Nagata has already identified Martian naval technology in the distress transponder from the Scopuli (the ship that the Canterbury was lured to,) indicating the Donnager was responsible for the trap they walked into, and for the destruction of the Canterbury. In the hopes of protecting themselves once they're taken by the Martian Navy, Holden sends out a transmission explaining that the Martian ship was responsible for destroying the Canterbury. He further states that if the five crew members are killed after being taken aboard the Donnager, it will be proof that the Martians are the ones who destroyed the Canterbury and killed everyone on board. He hopes that this transmission will serve as insurance against their captors killing them, but is not sure if the transmission went through. The Knight is then pulled into the Donnager where the five are apprehended by Martian soldiers at gunpoint.

=== Ceres Station===
Detective Joe Miller (Thomas Jane) sneaks into the apartment of pilot and activist Julie Mao (Florence Faivre) to investigate her disappearance. Recent transmissions reveal a strained relationship with her wealthy father, who threatened to sell her racing ship. Miller and his partner Dimitri Havelock (Jay Hernandez) are sent to catch local Belter gangsters and recover stolen water. Although Miller catches them, he lets them go, after coming to admire their survivalist defiance, but tells them to stay away from the water. He then resumes his search for Julie and learns from Ceres Station's dock master that she had boarded the Scopuli.

=== UN Headquarters ===
Deputy Undersecretary Chrisjen Avasarala (Shohreh Aghdashloo) is reprimanded by UN Undersecretary Sadavir Errinwright (Shawn Doyle) for using banned torture techniques on OPA member Heikki Sabong (Joe Delfin). Avasarala believes that the contraband stealth tech that Sabong smuggled could cause a rift in the delicate balance between Earth and Mars. She sends Sabong to Luna for further interrogation, but then is told that he killed himself en route.

== Production ==
The episode, entitled "The Big Empty", was written by show creators Mark Fergus and Hawk Ostby, based on the first book of the novel series, Leviathan Wakes, and directed by Terry McDonough. It is the second overall episode of the series.

== Reception ==

=== Ratings ===
"The Big Empty" was watched by 854,000 American viewers on its initial viewing, and also acquired a 0.27 rating in the 18–49 demographic.

=== Critical response ===
The episode has received positive reviews from critics, who mostly lauded the show's continuing focus on world-building and its increasing characterization, especially the storyline involving Holden and his crew stranded in space. Chris Carabott of IGN gave the episode a rating of 8.5 out of 10, saying it "builds upon the exceptional world building that started in the first episode", and referred the storyline of Holden and his crew stranded in space as "fantastically executed", even though he felt the storyline on Earth "doesn't feel fully developed just yet."

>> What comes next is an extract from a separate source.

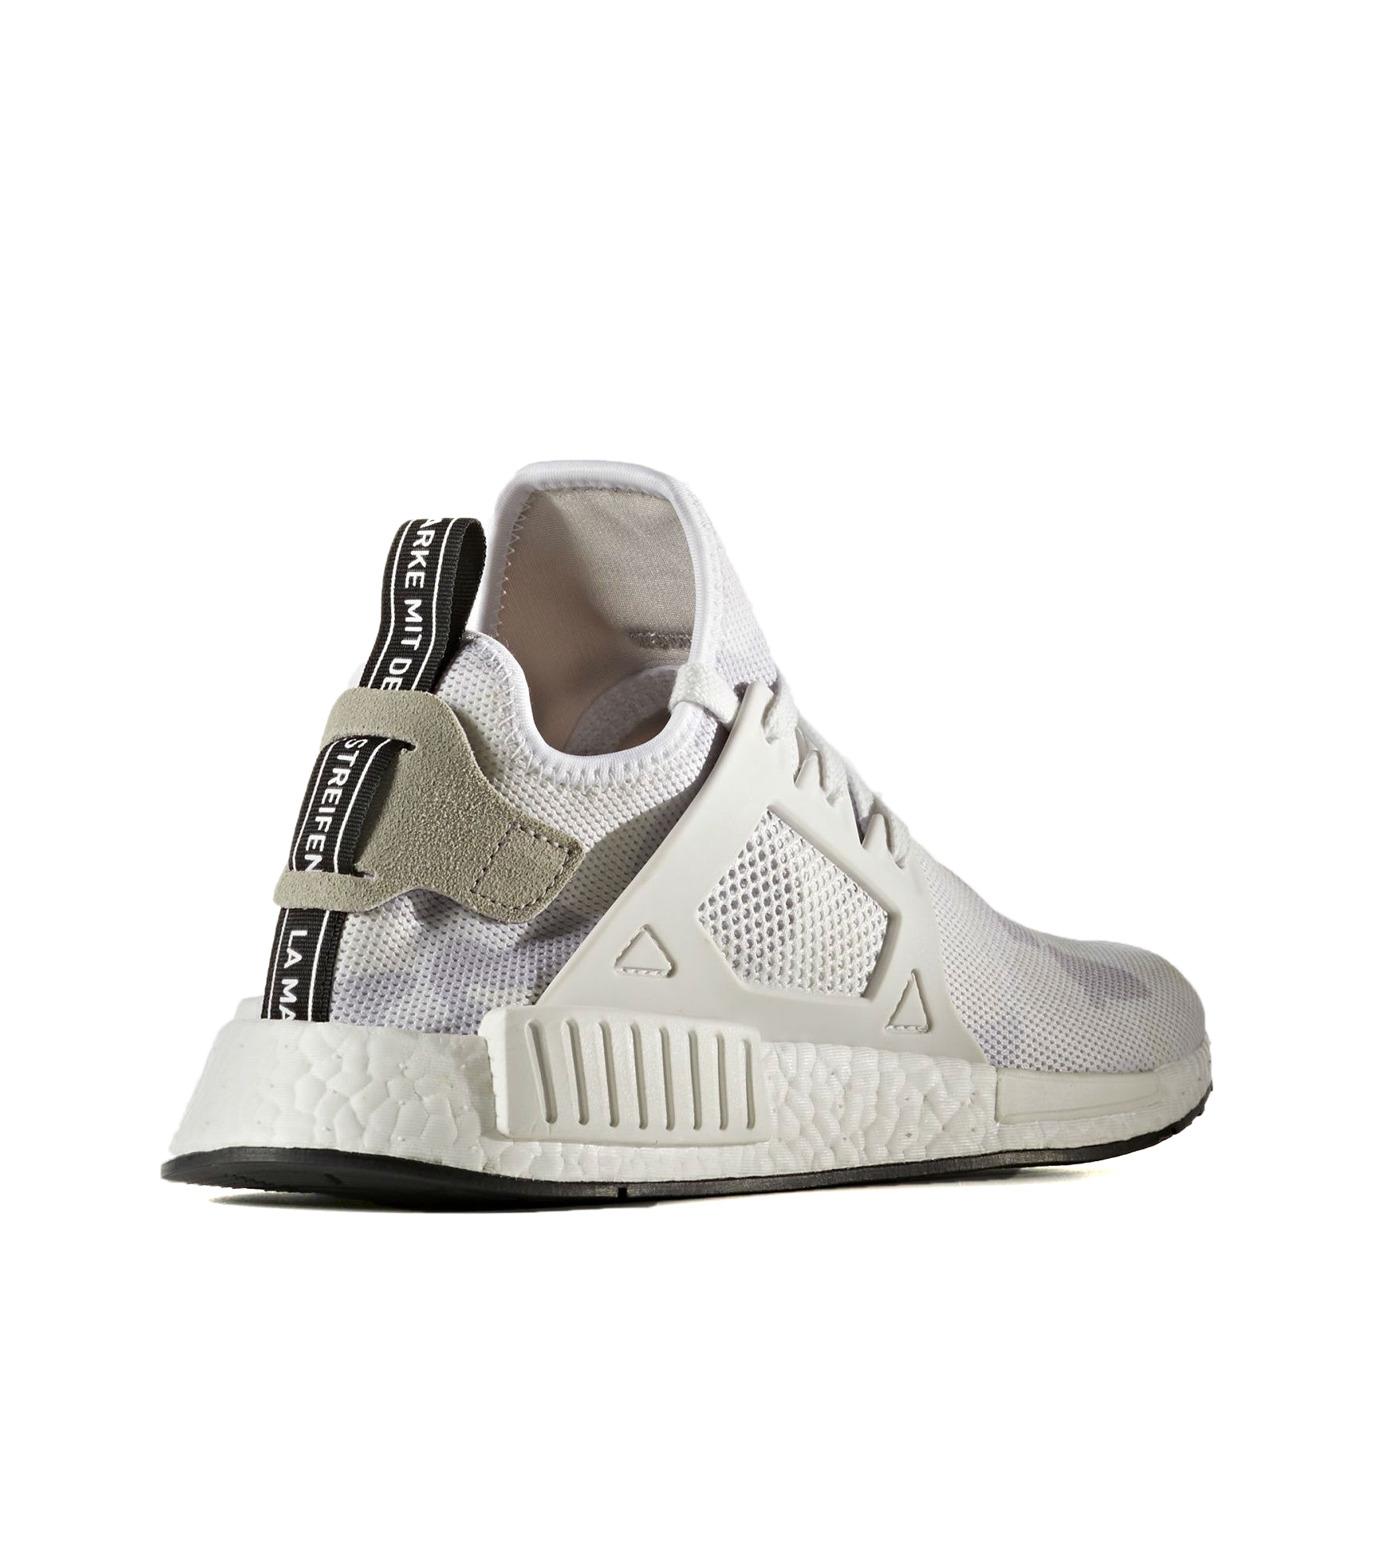 adidas(アディダス)のNMD XR1-WHITE(シューズ/shoes)-BA7233-4 拡大詳細画像4
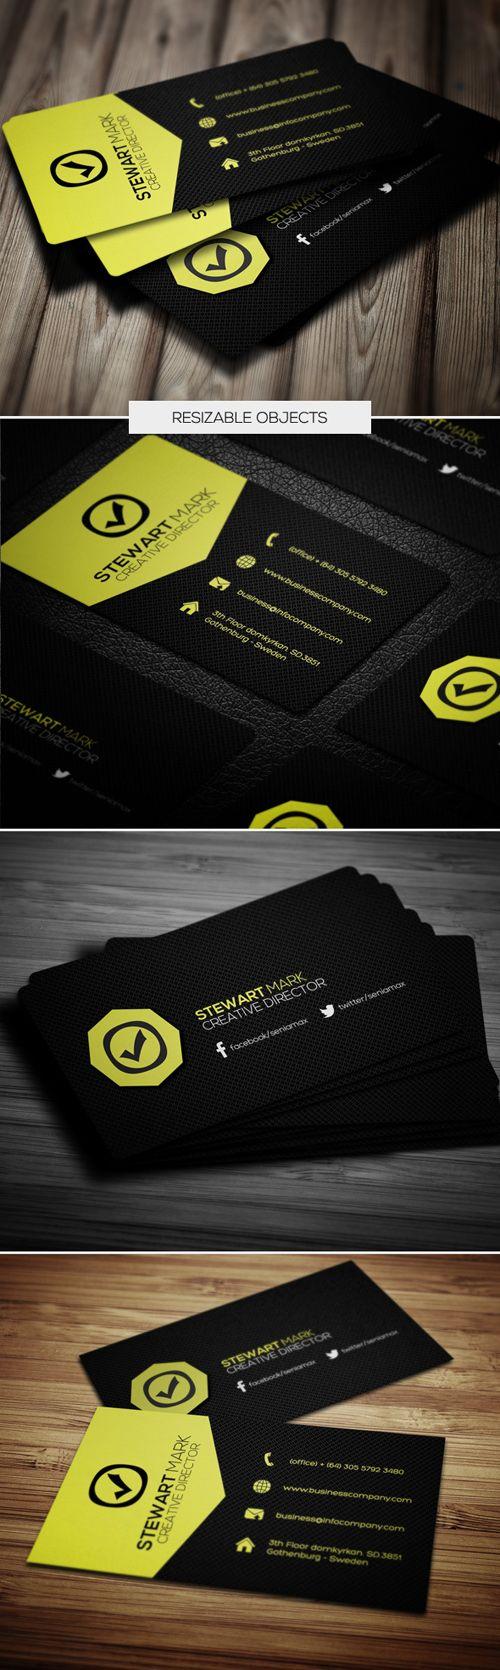 Creative Corporate Business Card #businesscarddesign #businesscards #businesscardtemplate

Zack Handlen of The A.V. Club gave the episode a rating of B+, saying it "moves the story forward a few inches, and gets some thrills out of the Knight's predicament", even though "the awe and mystery of [the series premiere] are in shorter supply here", and considered it a bit inferior to the pilot episode. Michael Ahr of Den of Geek gave the episode of 4.5 out of 5, praising the episode's ability to give off "a sense that the delicate balance is about to shift dramatically keeps viewers leaning in towards their screens", and also mentioned the show's strengthened focus on great storytelling, especially commending on Holden's storyline.